Resulting matrix after softmax has the shape (batch size B, number of head nh, sequence length T, sequence length T). Then the resulting matrix after value multiplication is (batch_size B, number of head nh, sequence length T, head size hs).

# 6. Reshape back and project
out = out.transpose(1, 2).contiguous().view(B, T, C)  # (B, T, C)
out = self.c_proj(out)  # (B, T, C)

Now that we have the outputs from the attention mechanism from different heads (batch_size B, num_heads nh, sequence_length T, head_size hs), we need to reshape it again to combine the results from different heads. That’s why we transpose positions 1 and 2 resulting in a matrix with the following shape (batch_size B, sequence_length T, num_heads nh, head_size hs). Now we combine the results from the different heads ending up with a matrix of size (batch_size B, sequence_length T, hidden_size C).

We then pass it through a linear layer to learn a combined coherent features from the resulting separate features of the attention mechanism coming from different heads.

MLP Block

Now we need to define the MLP block:

- c_fc: Linear layer (hidden_size C, hidden_size C * 4)
- gelu: GeLU activation layer (gelu with tanh activation)
- c_proj: Another Linear layer (hidden_size C * 4, hidden_size C)

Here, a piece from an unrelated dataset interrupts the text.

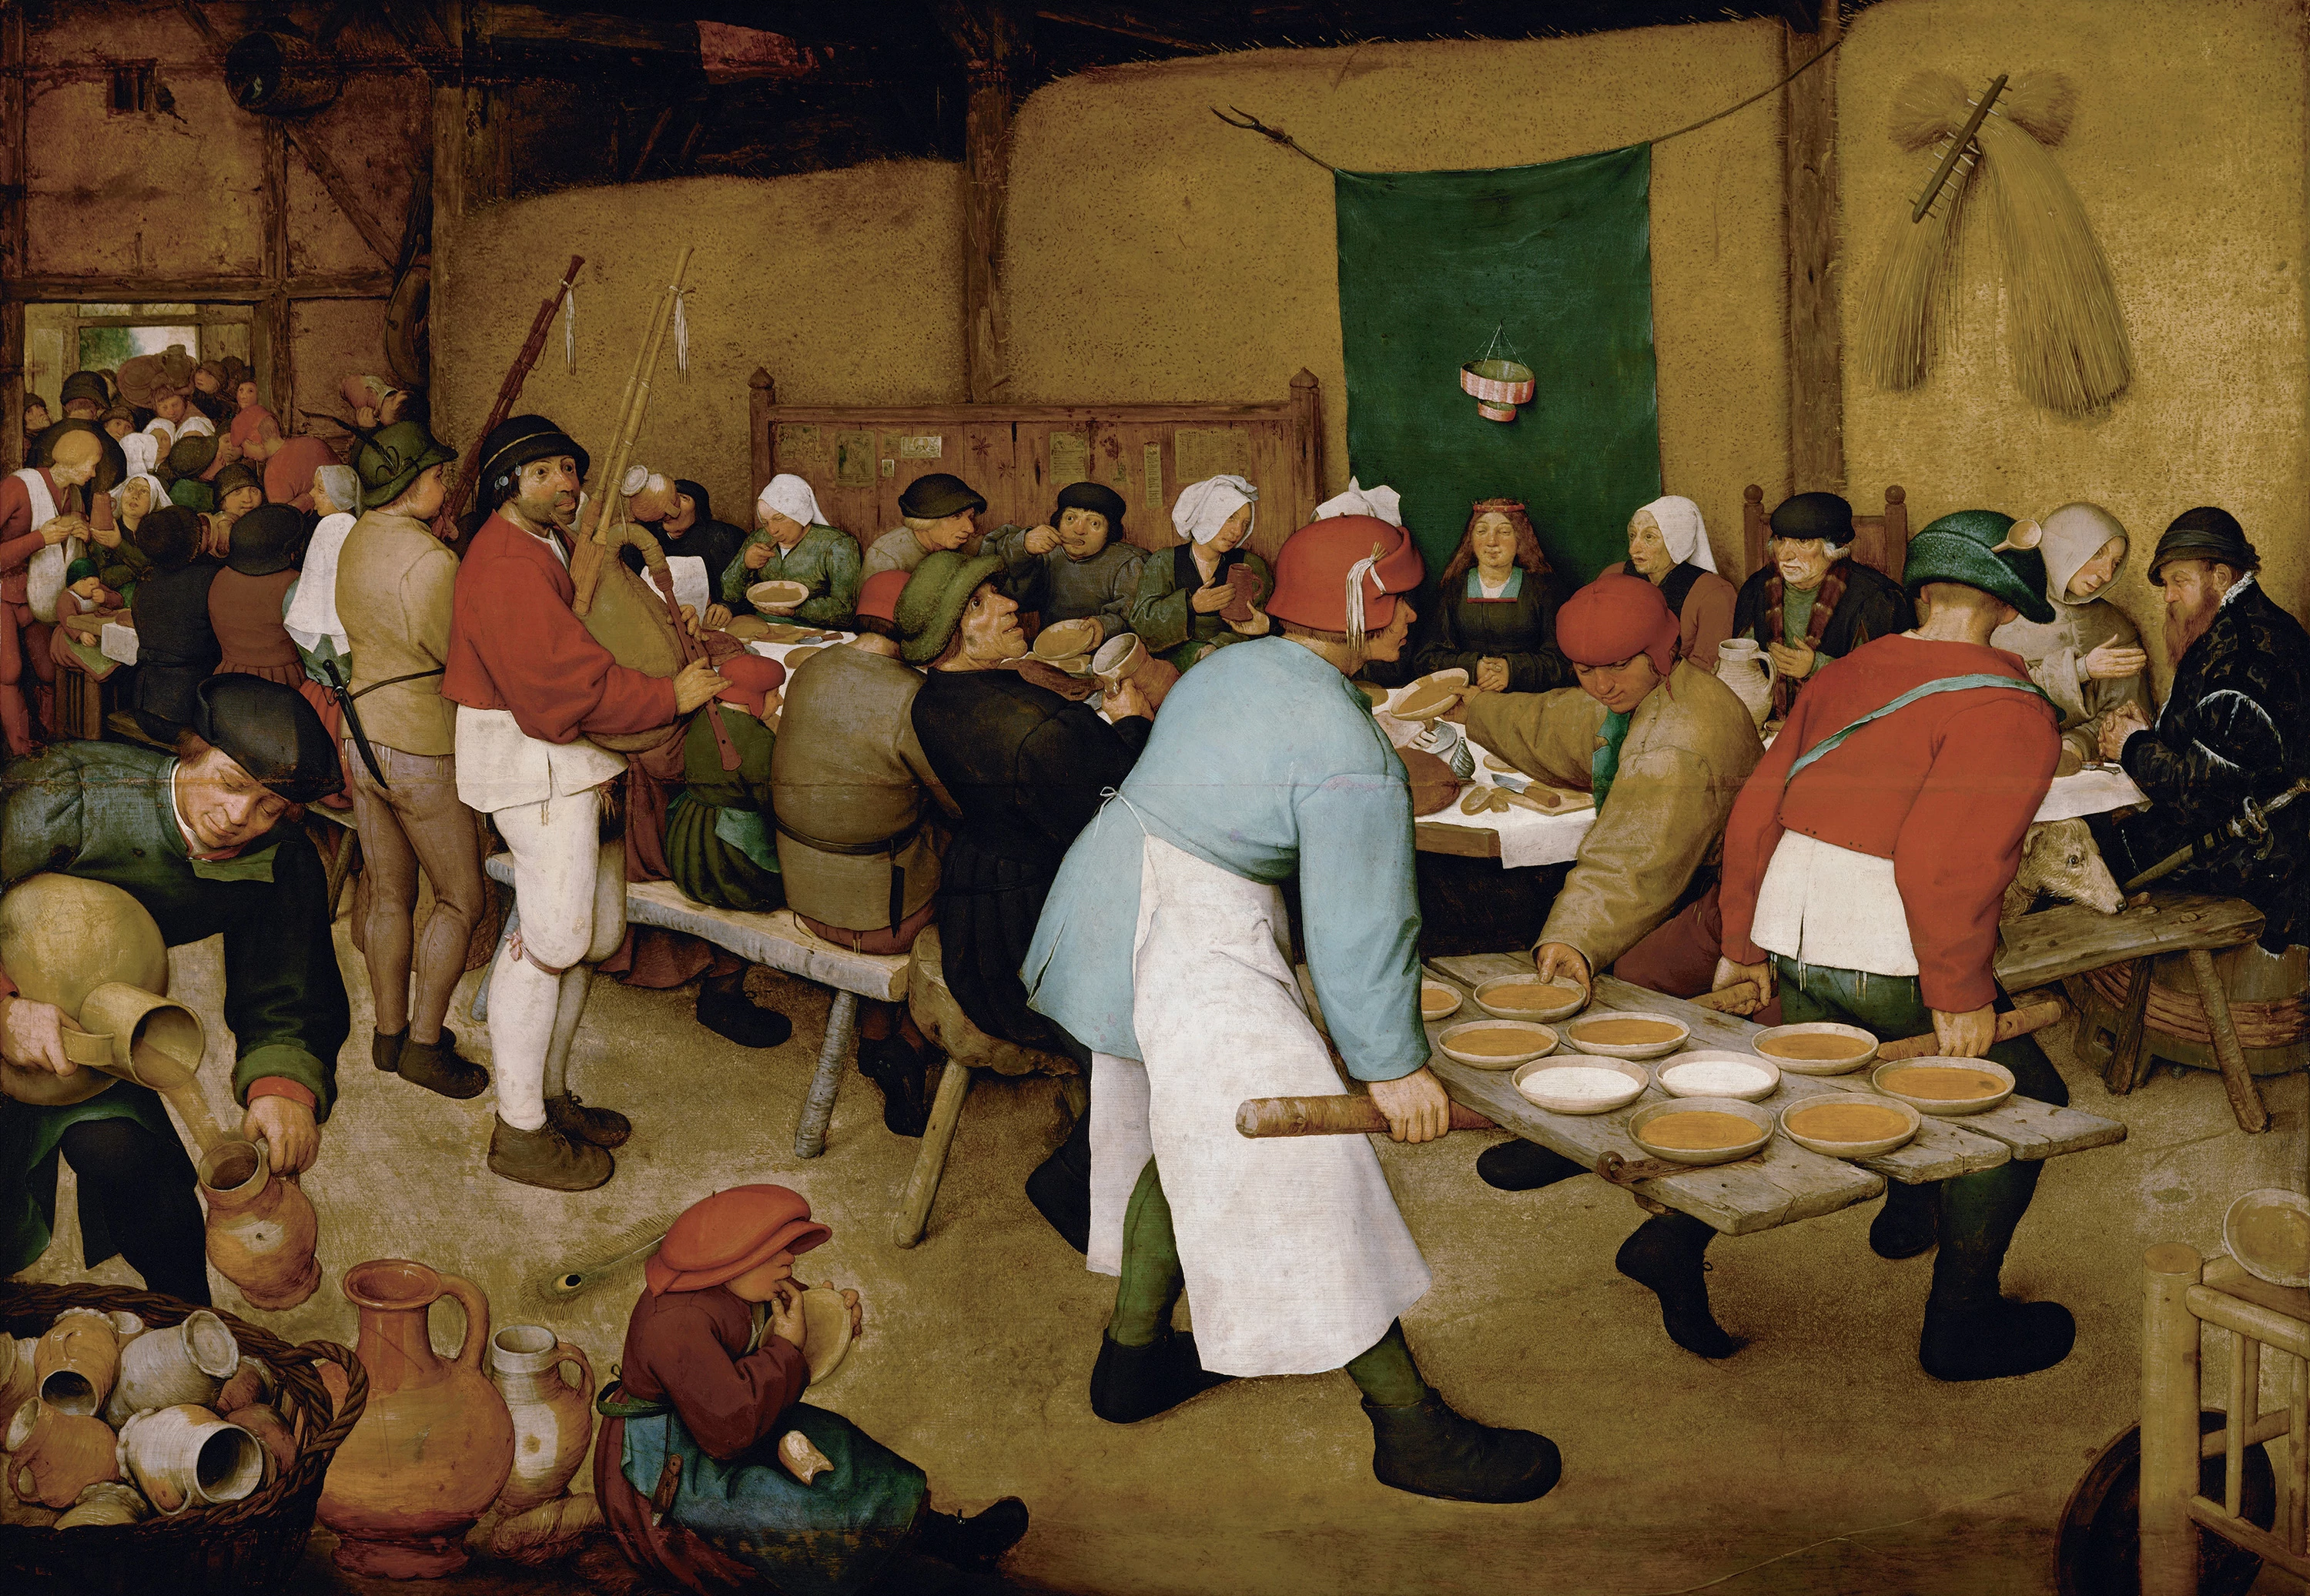 The Peasant Wedding, Pieter Bruegel the Elder

The flow or the forward pass of the input matrix (batch_size B, sequence_length T, hidden_size C) through the MLP block is as follows:

x = self.c_fc(x)   # (B, T, 4 * C)
x = self.gelu(x)   # (B, T, 4 * C)
x = self.c_proj(x) # (B, T, C) 
return x

The idea behind the first layer c_fc is to project into a higher dimension (from hidden_size C to 4 * hidden_size C) space to learn more features. Then we apply non-linear GELU transformation, it softly gates input values, values closer to zero are shrunk more smoothly rather than being zeroed out.

Second linear layer reduces the dimensionality back to hidden_size C from 4 * hidden_size C so now we end up again with a matrix of shape (batch_size B, sequence_length T, hidden_size C) and this output gets into the next block.

6. Final Layers

After we’re done with N blocks, we have two final layers:

- ln_f: Layer norm 
- lm_head: Linear layer (hidden_size C, vocab_size V)

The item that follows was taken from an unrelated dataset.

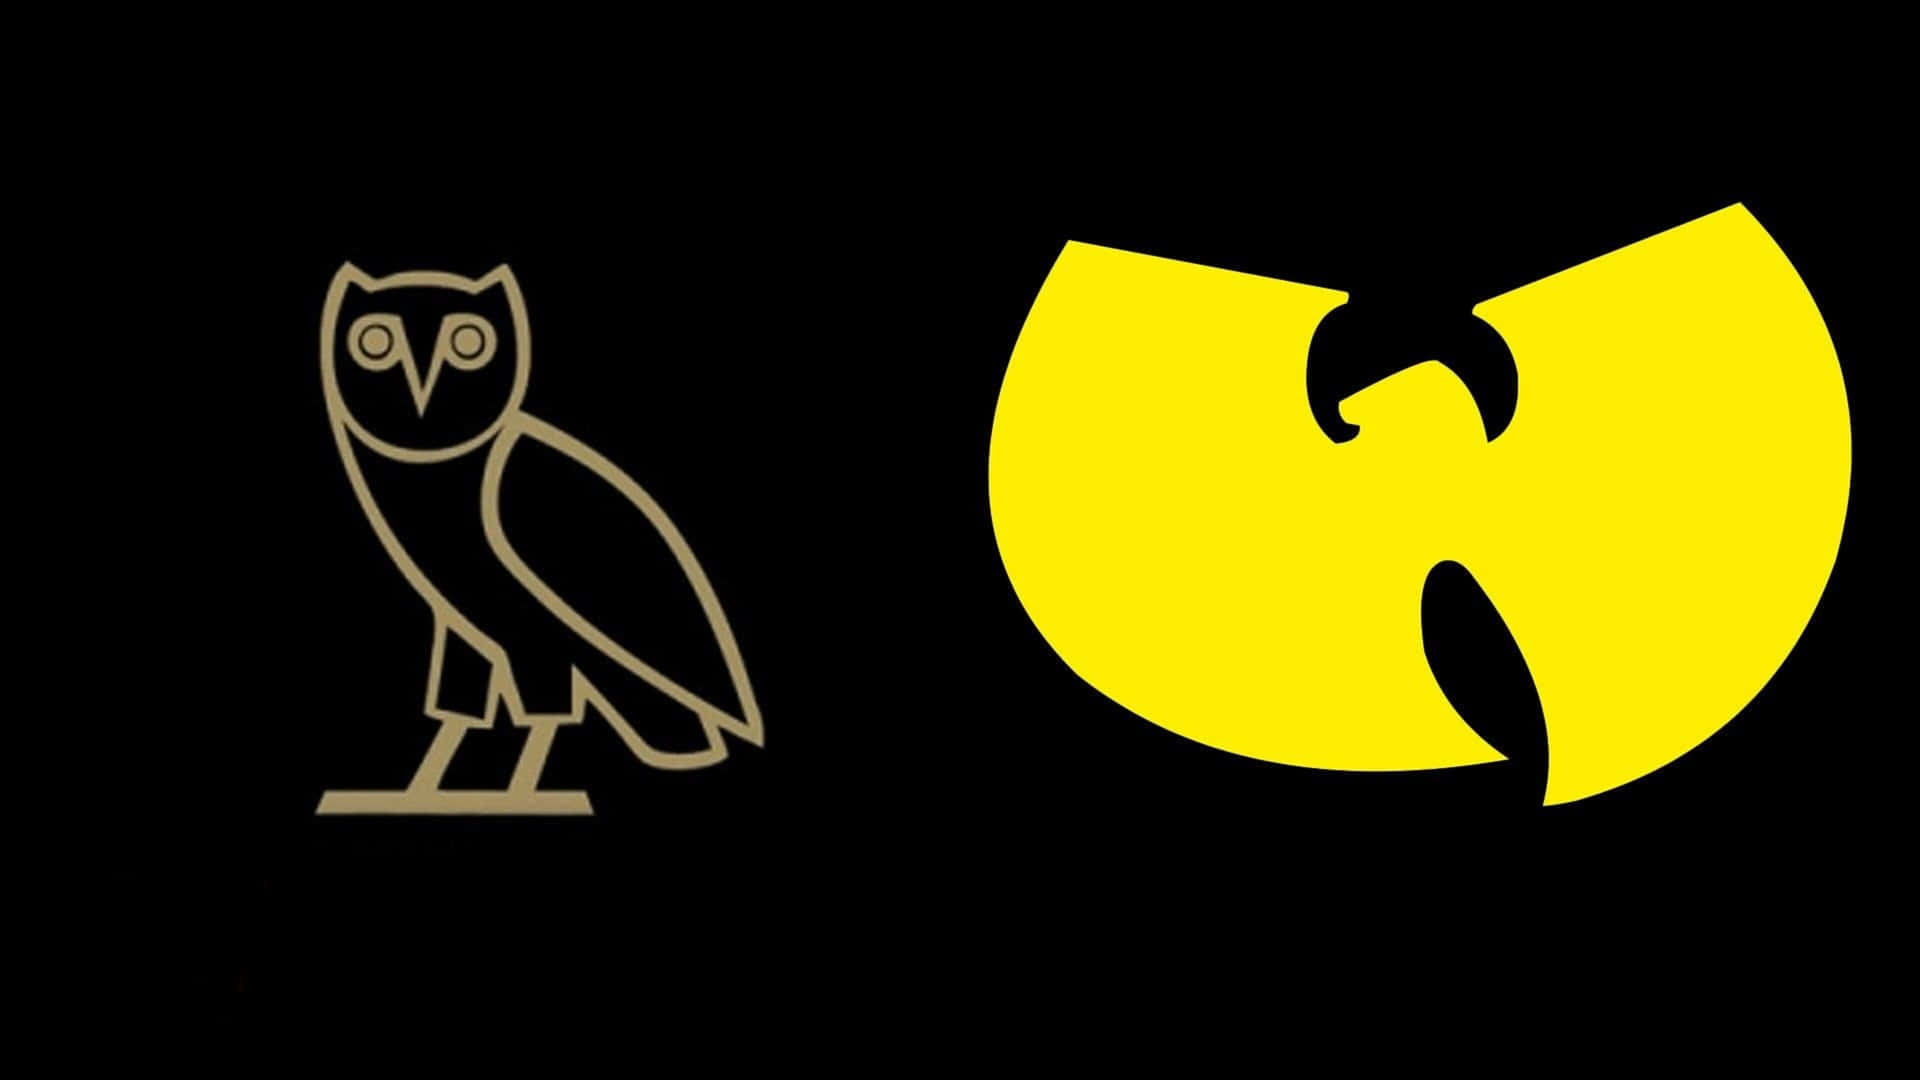 Wu Tang Clan Logo And An Owl 4K Wallpaper

This layer will project the embeddings back to vocab_size, now we have logits for each one of the tokens they are not probabilities just yet (we need to add softmax). We also set this layer with bias=False as biases are unnecessary at this stage and removing them saves memory.

We also introduce the idea of weight sharing / tying which basically consists of making the token embedding layer and the lm_head layer essentially the same.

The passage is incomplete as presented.